__DATASET EXCERPT__:
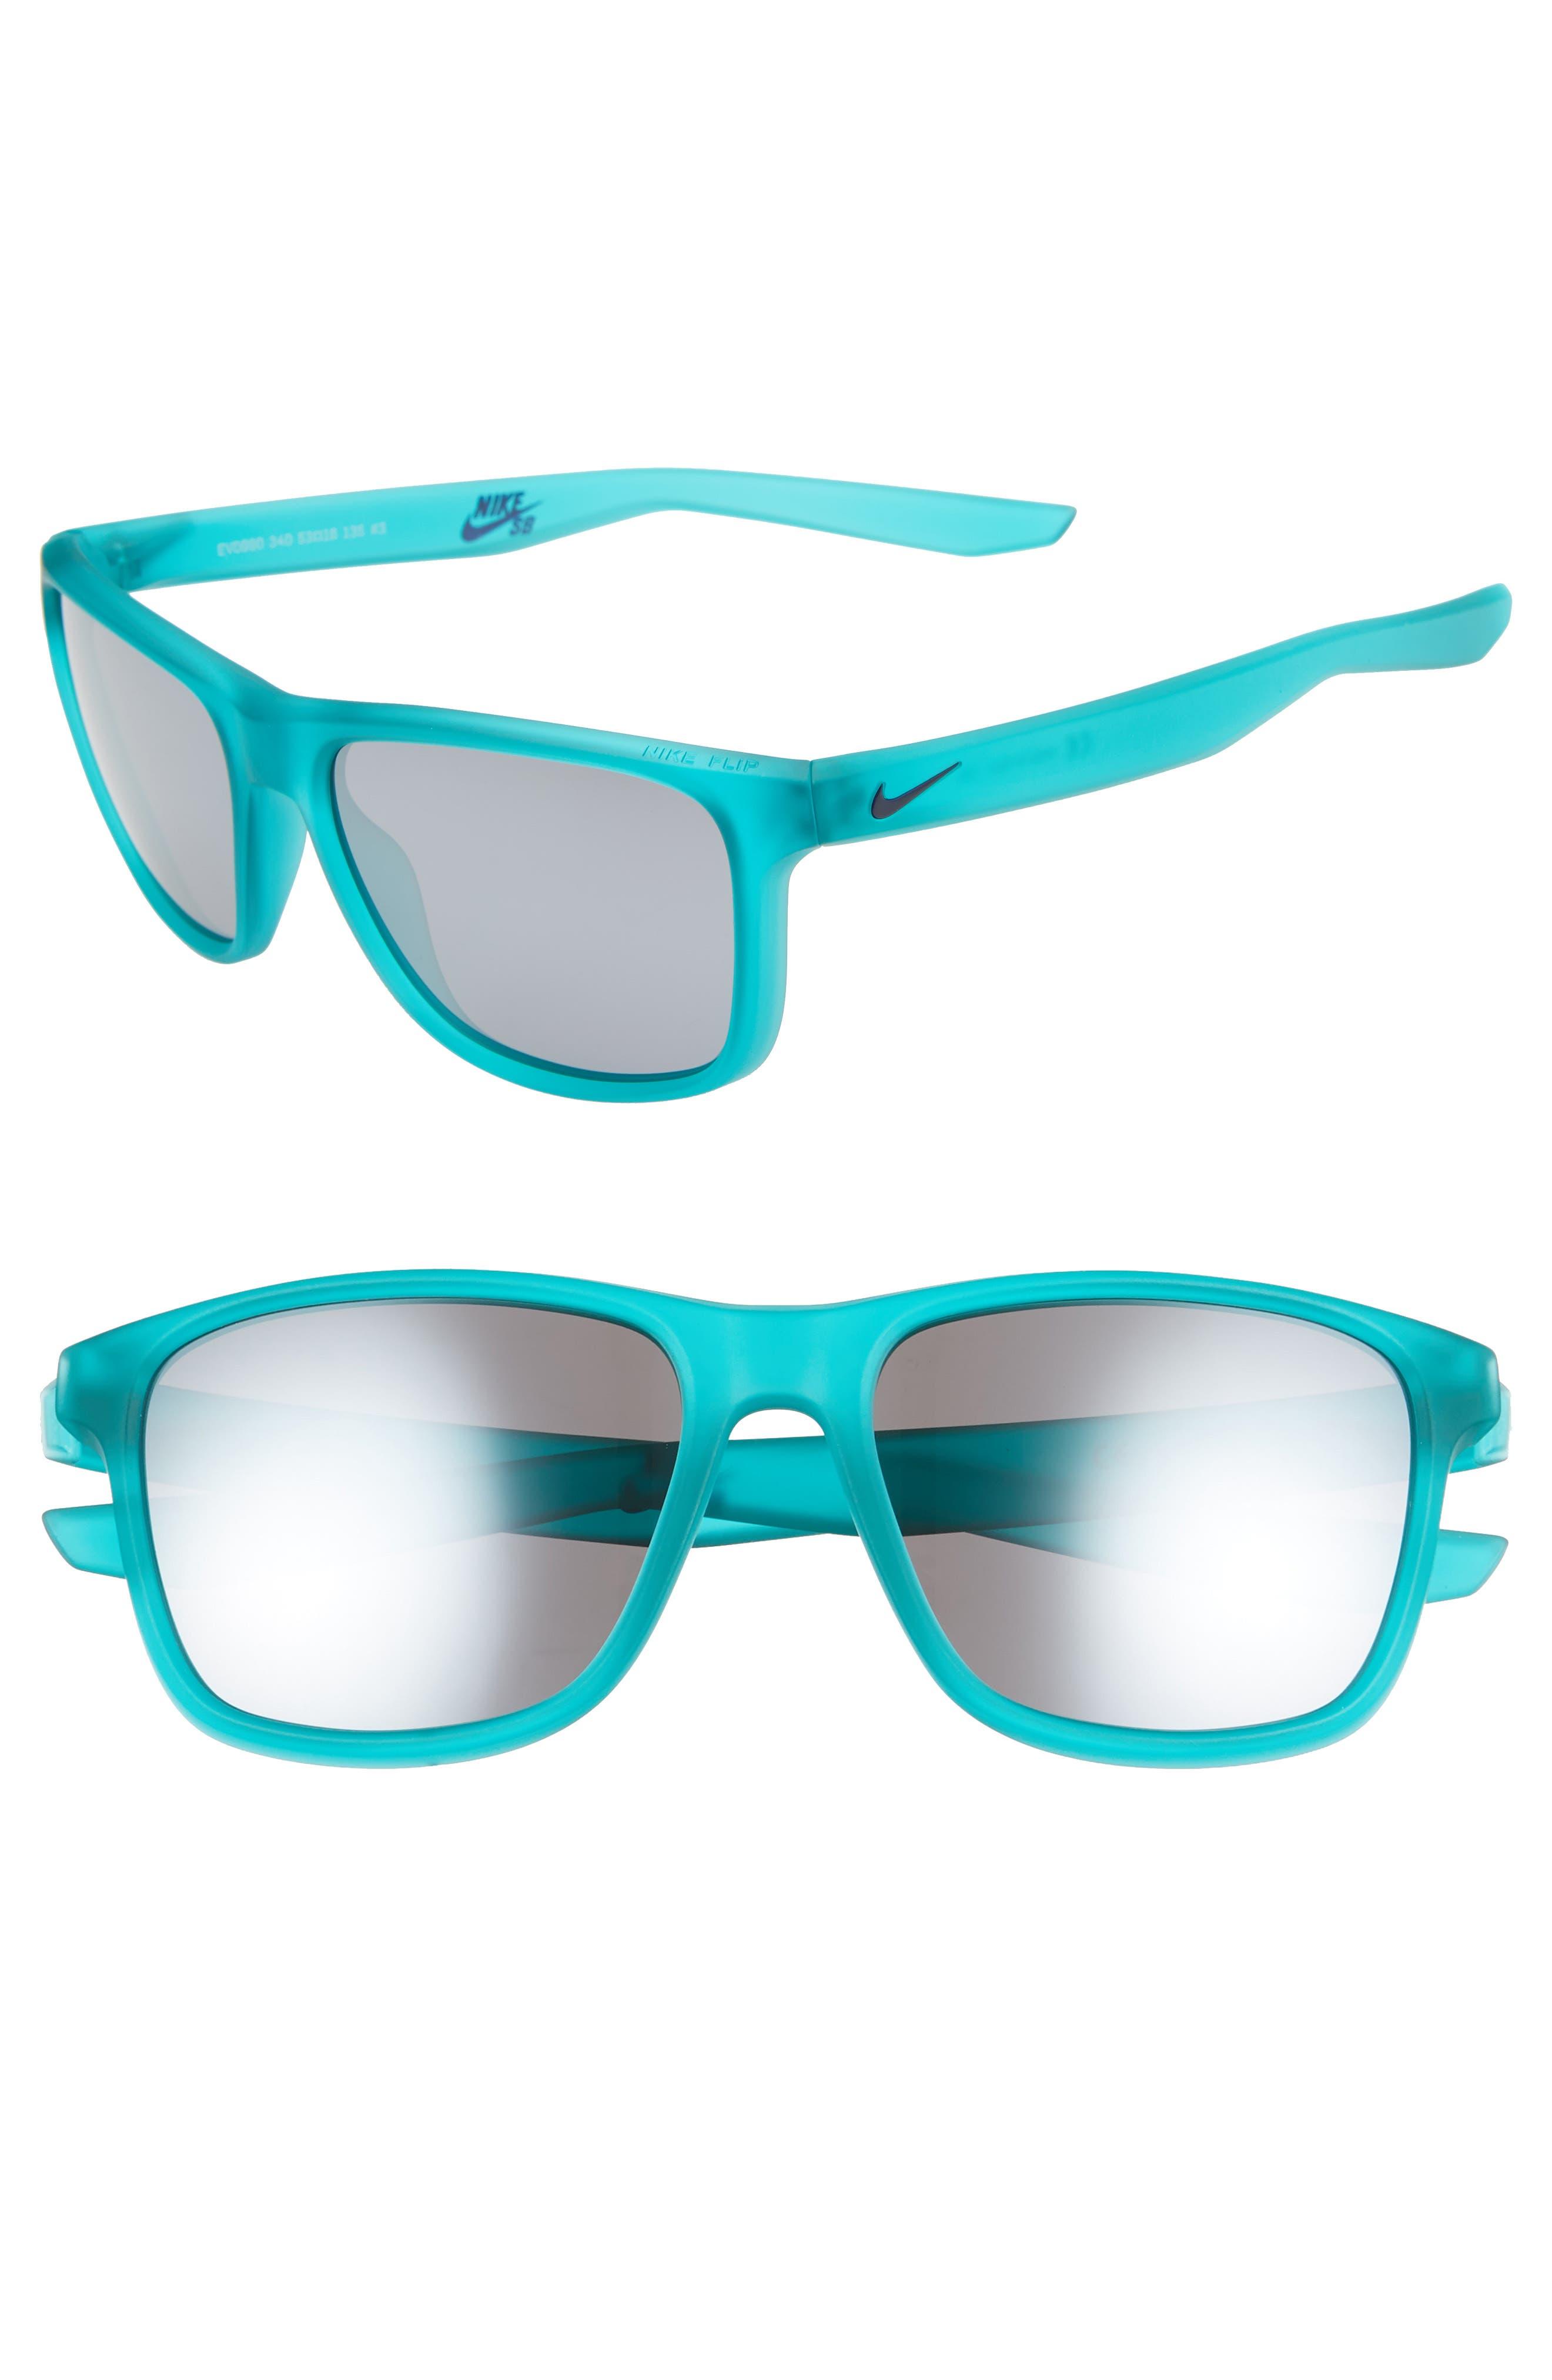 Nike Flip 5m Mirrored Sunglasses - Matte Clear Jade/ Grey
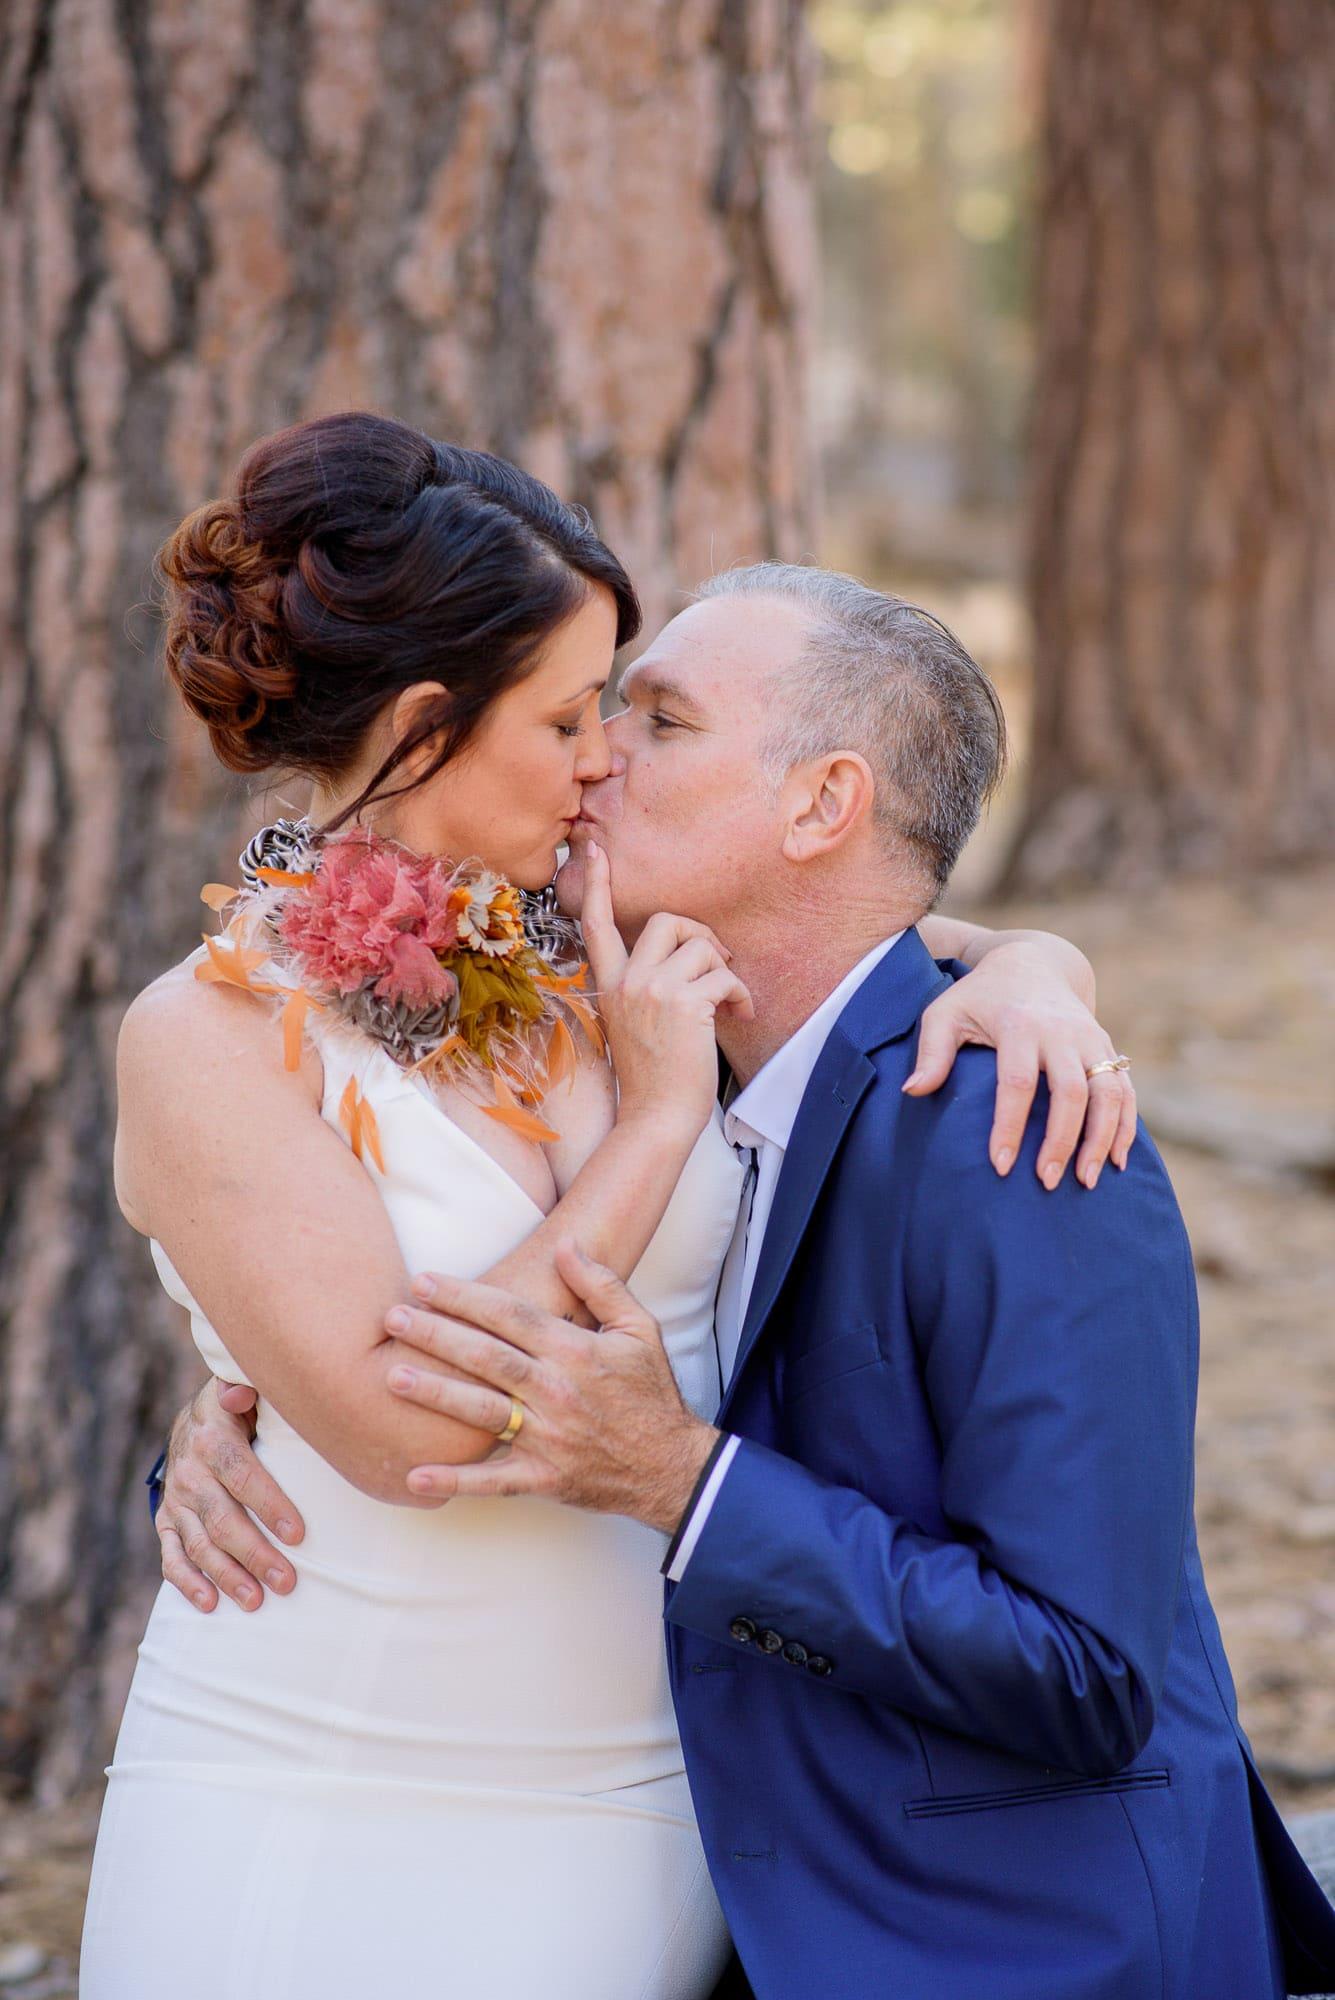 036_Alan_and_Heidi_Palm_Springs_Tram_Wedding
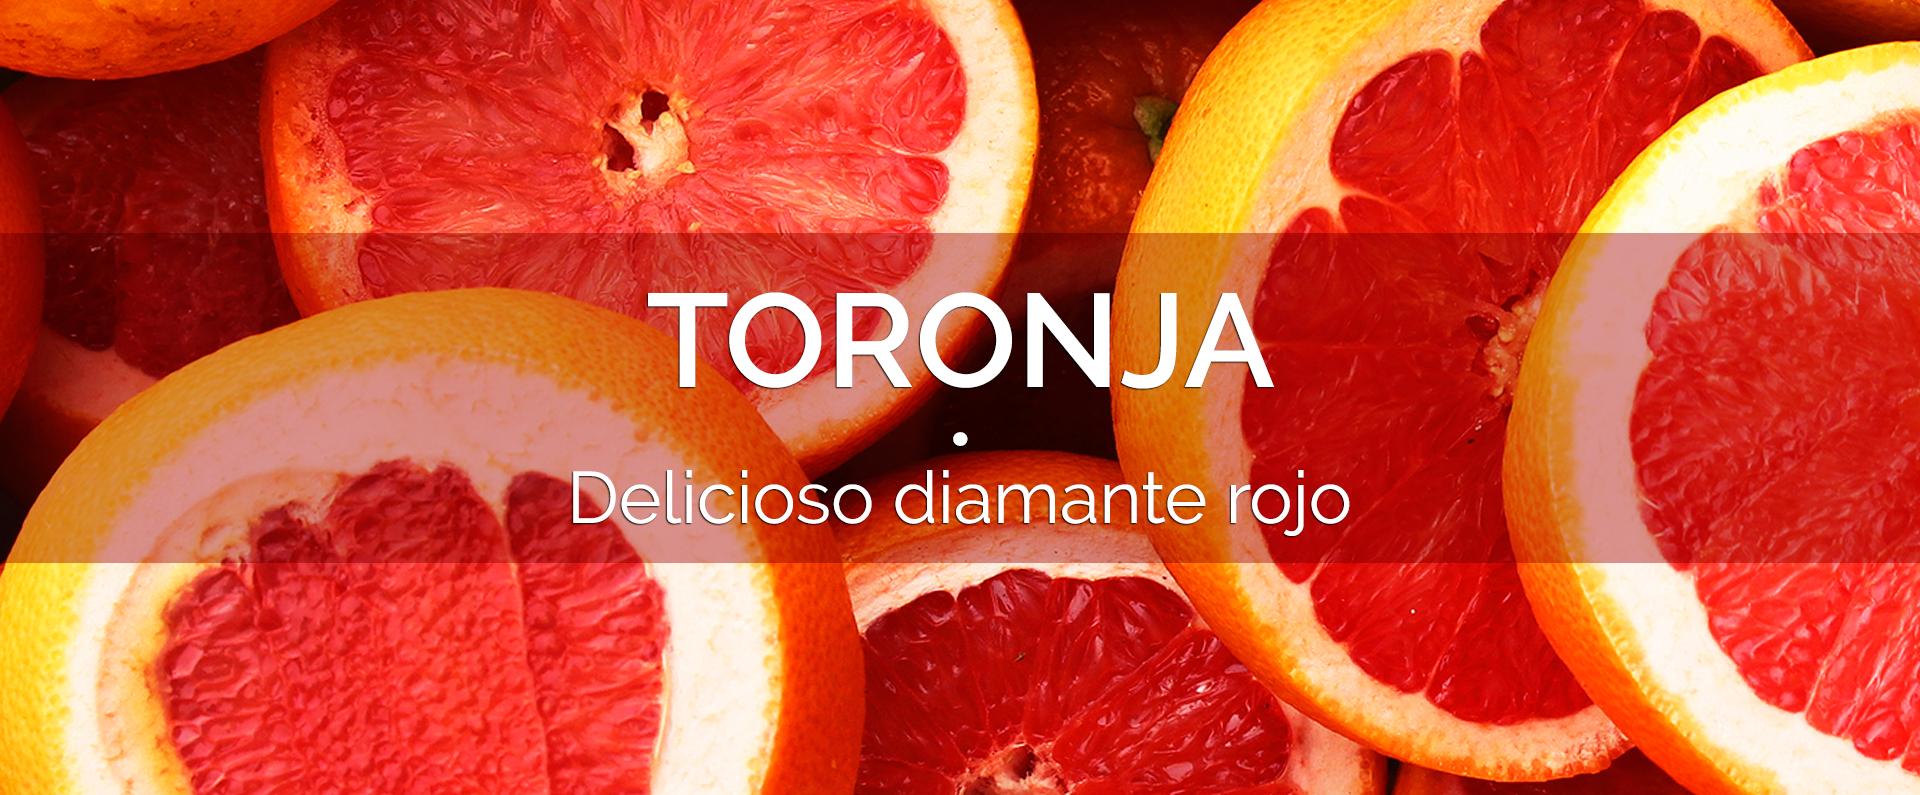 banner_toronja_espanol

__WHAT THIS TASK INVOLVES__: Print the material precisely as given, dropping any images it holds.

__WORKED SOLUTION__:
 Nike Flip 5m Mirrored Sunglasses - Matte Clear Jade/ Grey
 036_Alan_and_Heidi_Palm_Springs_Tram_Wedding
 banner_toronja_espanol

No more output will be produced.